**EXERCISE**
Set down the line that contains "Tent - Walmart.com" and every line after it to the end of the entries, exactly as they stand and nothing more.

**EXERCISE DATA**
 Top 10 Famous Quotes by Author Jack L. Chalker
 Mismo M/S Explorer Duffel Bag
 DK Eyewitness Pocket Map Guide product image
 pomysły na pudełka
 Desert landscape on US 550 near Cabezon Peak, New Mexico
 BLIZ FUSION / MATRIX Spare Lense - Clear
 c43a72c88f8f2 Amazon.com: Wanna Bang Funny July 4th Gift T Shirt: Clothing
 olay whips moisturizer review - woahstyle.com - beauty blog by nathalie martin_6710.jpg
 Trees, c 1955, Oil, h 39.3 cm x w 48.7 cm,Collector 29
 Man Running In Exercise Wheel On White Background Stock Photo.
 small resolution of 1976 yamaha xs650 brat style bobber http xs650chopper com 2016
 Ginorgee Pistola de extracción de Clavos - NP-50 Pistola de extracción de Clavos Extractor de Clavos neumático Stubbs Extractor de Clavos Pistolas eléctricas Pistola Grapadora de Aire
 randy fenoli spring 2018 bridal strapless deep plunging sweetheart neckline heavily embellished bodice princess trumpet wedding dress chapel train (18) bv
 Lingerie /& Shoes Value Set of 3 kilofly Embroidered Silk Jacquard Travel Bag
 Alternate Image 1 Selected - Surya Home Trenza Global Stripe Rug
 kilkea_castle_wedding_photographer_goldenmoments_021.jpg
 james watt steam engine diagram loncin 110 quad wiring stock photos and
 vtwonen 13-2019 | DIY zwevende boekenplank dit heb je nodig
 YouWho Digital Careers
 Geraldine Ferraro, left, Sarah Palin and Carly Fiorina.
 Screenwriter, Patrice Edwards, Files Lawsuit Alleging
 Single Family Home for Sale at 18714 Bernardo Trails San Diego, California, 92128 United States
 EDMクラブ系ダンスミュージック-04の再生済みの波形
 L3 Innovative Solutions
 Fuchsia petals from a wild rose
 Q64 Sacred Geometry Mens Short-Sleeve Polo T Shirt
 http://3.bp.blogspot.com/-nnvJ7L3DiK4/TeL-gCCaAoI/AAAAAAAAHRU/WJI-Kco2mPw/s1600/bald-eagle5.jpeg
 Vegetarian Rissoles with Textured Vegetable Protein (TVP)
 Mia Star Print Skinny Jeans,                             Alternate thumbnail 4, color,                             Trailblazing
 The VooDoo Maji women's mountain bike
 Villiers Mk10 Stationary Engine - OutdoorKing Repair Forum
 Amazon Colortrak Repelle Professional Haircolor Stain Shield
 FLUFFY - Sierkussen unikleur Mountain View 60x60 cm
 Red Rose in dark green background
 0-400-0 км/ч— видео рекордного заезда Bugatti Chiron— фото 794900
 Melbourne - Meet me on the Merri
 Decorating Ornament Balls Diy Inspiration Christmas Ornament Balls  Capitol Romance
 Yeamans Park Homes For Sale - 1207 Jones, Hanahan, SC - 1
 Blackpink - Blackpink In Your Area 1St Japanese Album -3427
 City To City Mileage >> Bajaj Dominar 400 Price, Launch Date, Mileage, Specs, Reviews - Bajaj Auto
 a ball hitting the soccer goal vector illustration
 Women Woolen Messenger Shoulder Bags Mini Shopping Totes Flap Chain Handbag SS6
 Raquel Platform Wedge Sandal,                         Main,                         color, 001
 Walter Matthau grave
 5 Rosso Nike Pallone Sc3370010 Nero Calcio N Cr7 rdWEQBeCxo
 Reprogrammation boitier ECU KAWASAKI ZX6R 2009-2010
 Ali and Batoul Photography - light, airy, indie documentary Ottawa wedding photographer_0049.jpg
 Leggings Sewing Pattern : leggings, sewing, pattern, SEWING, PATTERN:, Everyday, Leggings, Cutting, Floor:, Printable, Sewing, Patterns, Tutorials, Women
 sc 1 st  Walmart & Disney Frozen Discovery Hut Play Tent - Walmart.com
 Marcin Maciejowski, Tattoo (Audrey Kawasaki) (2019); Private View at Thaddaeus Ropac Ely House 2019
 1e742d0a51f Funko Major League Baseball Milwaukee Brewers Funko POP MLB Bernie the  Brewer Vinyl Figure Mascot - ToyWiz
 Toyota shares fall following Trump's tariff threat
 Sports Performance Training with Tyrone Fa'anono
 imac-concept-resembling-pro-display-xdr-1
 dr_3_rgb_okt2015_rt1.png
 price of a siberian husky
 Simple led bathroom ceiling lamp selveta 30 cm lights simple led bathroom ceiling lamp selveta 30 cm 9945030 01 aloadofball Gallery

**THE COMPLETED TASK**
 sc 1 st  Walmart & Disney Frozen Discovery Hut Play Tent - Walmart.com
 Marcin Maciejowski, Tattoo (Audrey Kawasaki) (2019); Private View at Thaddaeus Ropac Ely House 2019
 1e742d0a51f Funko Major League Baseball Milwaukee Brewers Funko POP MLB Bernie the  Brewer Vinyl Figure Mascot - ToyWiz
 Toyota shares fall following Trump's tariff threat
 Sports Performance Training with Tyrone Fa'anono
 imac-concept-resembling-pro-display-xdr-1
 dr_3_rgb_okt2015_rt1.png
 price of a siberian husky
 Simple led bathroom ceiling lamp selveta 30 cm lights simple led bathroom ceiling lamp selveta 30 cm 9945030 01 aloadofball Gallery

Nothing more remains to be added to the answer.